Coraz więcej pytań, a coraz mniej odpowiedzi. Niedawno na rozpoczęciu, Dżoana poprosiła Jenny o opisanie swojej kreacji, ta odpowiedziała że jej suknia jest koloru ceglanego, z bardzo wyraźnym wzorem pustaka. No cóż, czy to znaczy że wcześniejsze problemy z włosami i butami to tak naprawdę oznaka jej transformacji? Całkiem prawdopodobne, że Jenny nie będzie już Pustakiem, a Cegłą.

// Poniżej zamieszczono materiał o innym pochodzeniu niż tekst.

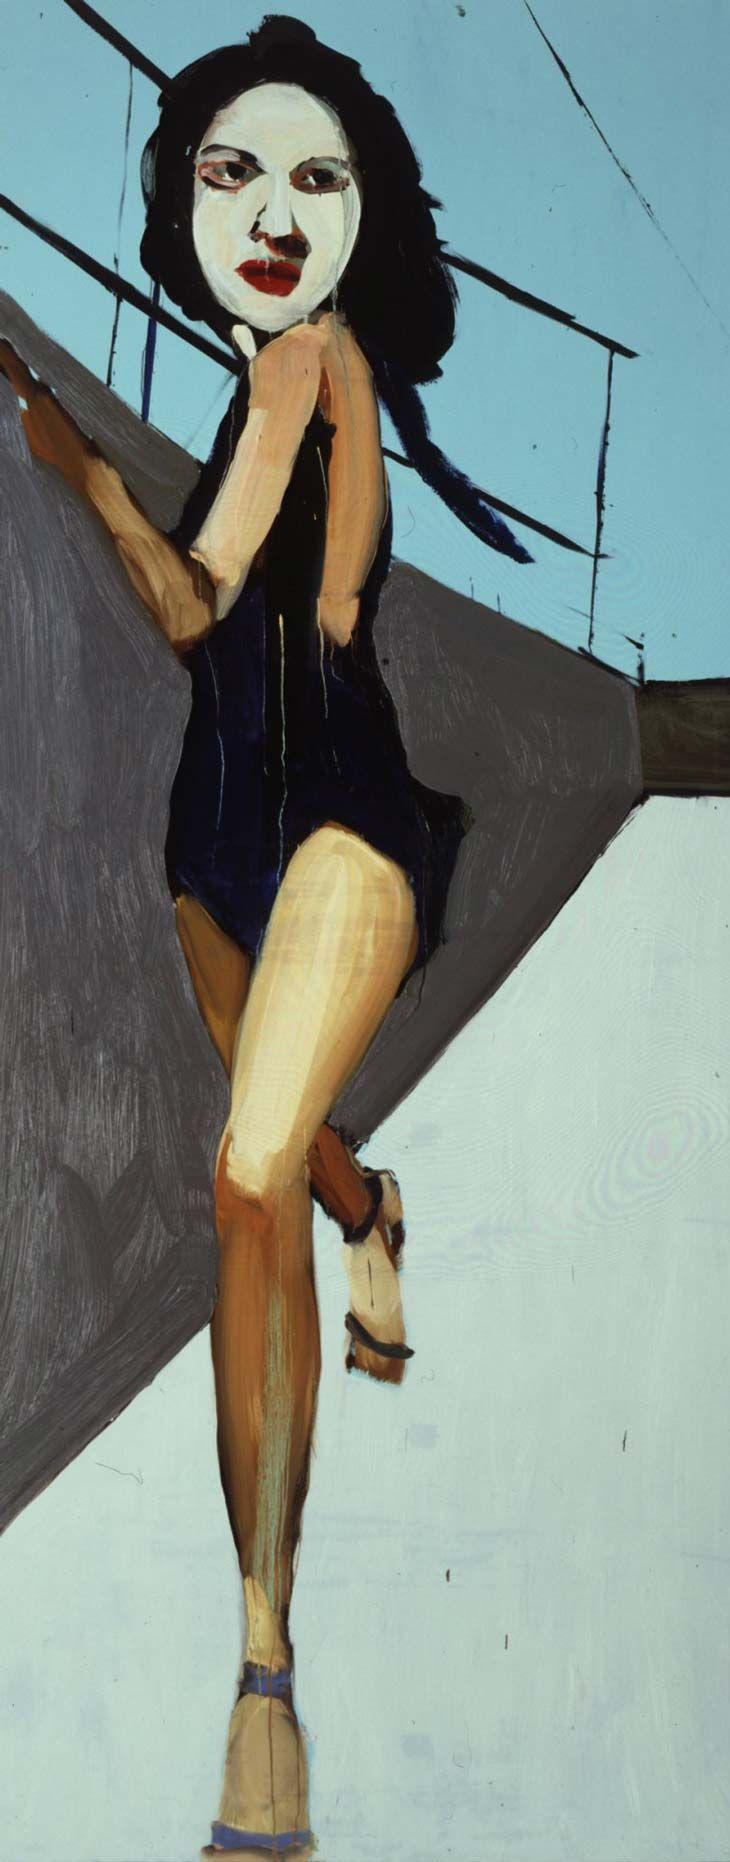 Chantal Joffe  Google Image Result for http://www.saatchi-gallery.co.uk/imgs/artists/joffe-chantal/chantal_joffe_walking_woman.jpg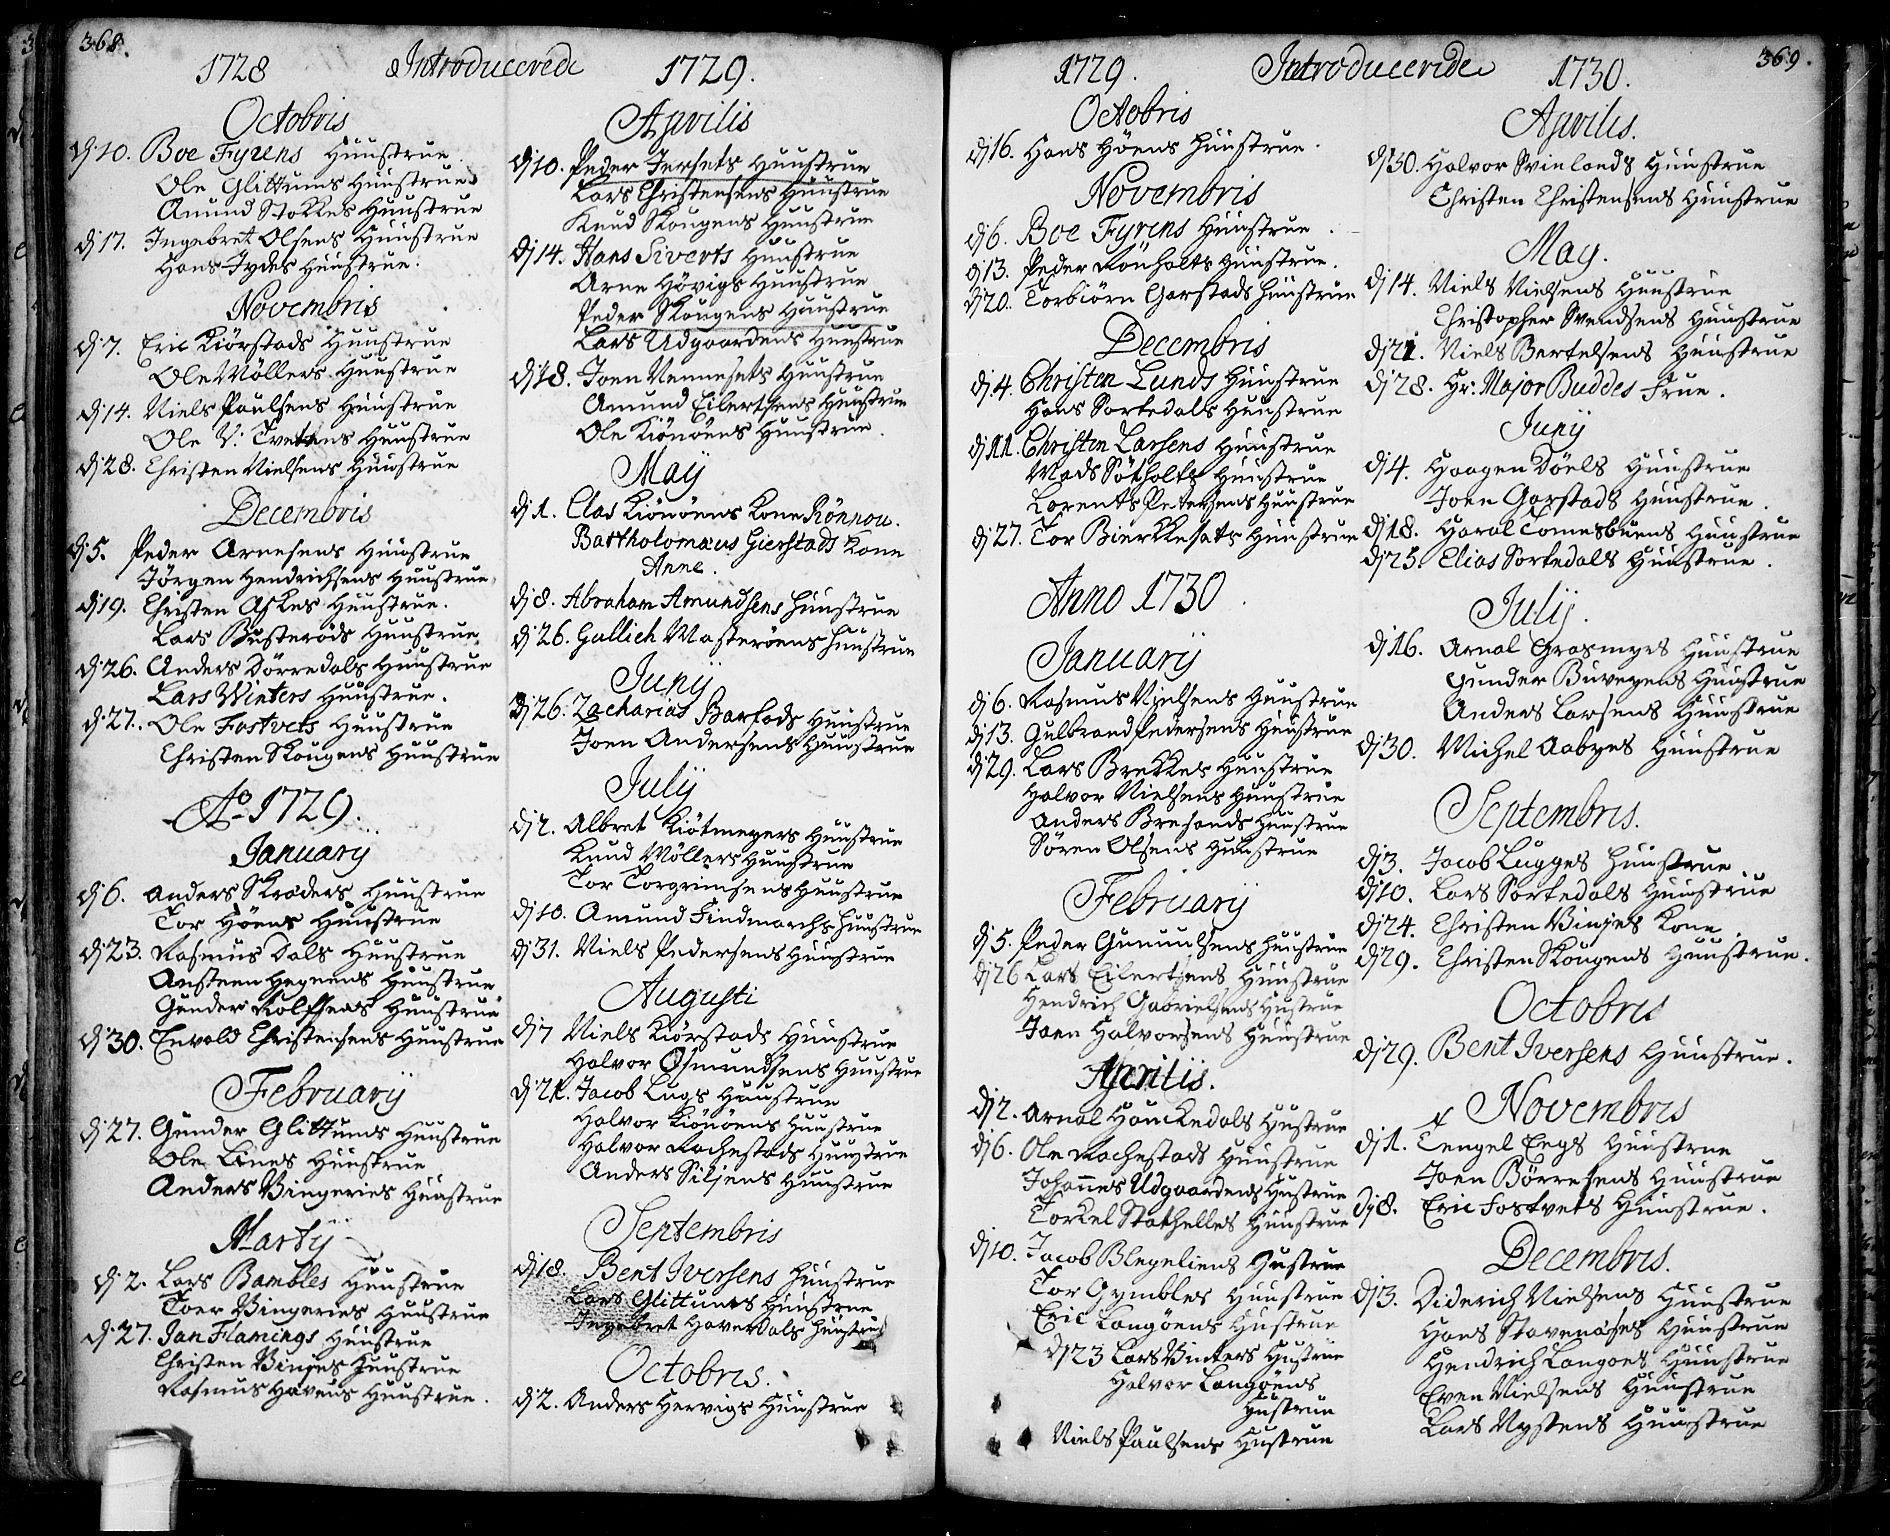 SAKO, Bamble kirkebøker, F/Fa/L0001: Ministerialbok nr. I 1, 1702-1774, s. 368-369

Na temat Jenny można powiedzieć bardzo wiele, od razu chciałbym przeprosić jej fanatyków, a wiem że tacy są, za ewentualne oczernianie jej wizerunku. Nie to miałem na celu! Ale skoro już mowa o fanatykach, to wiecie że w naszej szkole powstał kolejny fanklub, zaraz po fanklubie Gilderoya Lockharta, dyrektora Boursiera, kozy Honoraty, teraz mamy do czynienia z fanklubem profesor Jenny Graves! Jej wierni fani znaleźli klucze do jednego z nowych gabinetów dyrektor Tinney i tam rozbili swój ‘obóz’, dyrektora która nie potrafi pozbyć się fanatyków, przeniosła się do dyrektora Boursiera… Wracając do fanklubu, każdy członek musi przygotować strój Pustaka, w którym będzie przychodził na spotkania, musi palnąć jakaś wielką głupotę w Wielkiej Sali, tak że nawet May Momente załamie ręce i musi zbierać informacje, robić zdjęcia i pisać wiersze o Jenny. Przewodniczący fanklubu, który nie podaje o sobie żadnych informacji, zawiadamia że niedługo rozszerzy swoją działalność na cały Świat Magii, a gabinet dyrektor Tinney to tylko początek. Wychodzi na to, że ewentualna transformacja profesor Grobowiec lub jej załamanie psychiczne to tylko pikuś przed tym co planują jej fanatycy. Najgorsze w tym wszystkim jest to, że nie wiadomo kto należy do tego fanklubu. Co jeśli twoja koleżanka z ławki, twój najgorszy wróg czy nauczyciel, który prowadzi zajęcia należy do fanów profesor Graves? No cóż… Strach się bać!
Tak jak już zdążyłem napisać, ‘Na językach’ to kolejna seria, która ma bardzo dużo z plotki. Nie traktujcie więc tego co napisałem w 100% serio, choć możecie zachować odpowiednie środki ostrożności przed tym o czym zdążyłem powiedzieć. Pozorny zawsze ubezpieczony. Dla tych, którzy poczują się urażeni – nie martwcie się. „Na językach” to po prostu na językach i choćby to był pustak, mój język się nie ugnie, a więc spodziewajcie się kolejne artykułu! J Kto tym razem pójdzie do odstrzału?